Every entry should appear in your answer exactly as it does here.

Given entries below:

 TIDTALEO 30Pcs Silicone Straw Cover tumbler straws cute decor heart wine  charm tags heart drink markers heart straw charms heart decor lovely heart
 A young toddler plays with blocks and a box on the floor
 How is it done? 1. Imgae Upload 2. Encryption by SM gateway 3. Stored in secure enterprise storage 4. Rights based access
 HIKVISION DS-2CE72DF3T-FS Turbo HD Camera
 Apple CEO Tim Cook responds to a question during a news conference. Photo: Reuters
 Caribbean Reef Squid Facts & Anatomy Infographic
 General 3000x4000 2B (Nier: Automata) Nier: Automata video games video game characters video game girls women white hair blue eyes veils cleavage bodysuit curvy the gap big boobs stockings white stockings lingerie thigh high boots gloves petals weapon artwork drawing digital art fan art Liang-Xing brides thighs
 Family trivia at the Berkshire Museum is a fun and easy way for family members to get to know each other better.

End of Given entries.

_Solution for this problem_
 TIDTALEO 30Pcs Silicone Straw Cover tumbler straws cute decor heart wine  charm tags heart drink markers heart straw charms heart decor lovely heart
 A young toddler plays with blocks and a box on the floor
 How is it done? 1. Imgae Upload 2. Encryption by SM gateway 3. Stored in secure enterprise storage 4. Rights based access
 HIKVISION DS-2CE72DF3T-FS Turbo HD Camera
 Apple CEO Tim Cook responds to a question during a news conference. Photo: Reuters
 Caribbean Reef Squid Facts & Anatomy Infographic
 General 3000x4000 2B (Nier: Automata) Nier: Automata video games video game characters video game girls women white hair blue eyes veils cleavage bodysuit curvy the gap big boobs stockings white stockings lingerie thigh high boots gloves petals weapon artwork drawing digital art fan art Liang-Xing brides thighs
 Family trivia at the Berkshire Museum is a fun and easy way for family members to get to know each other better.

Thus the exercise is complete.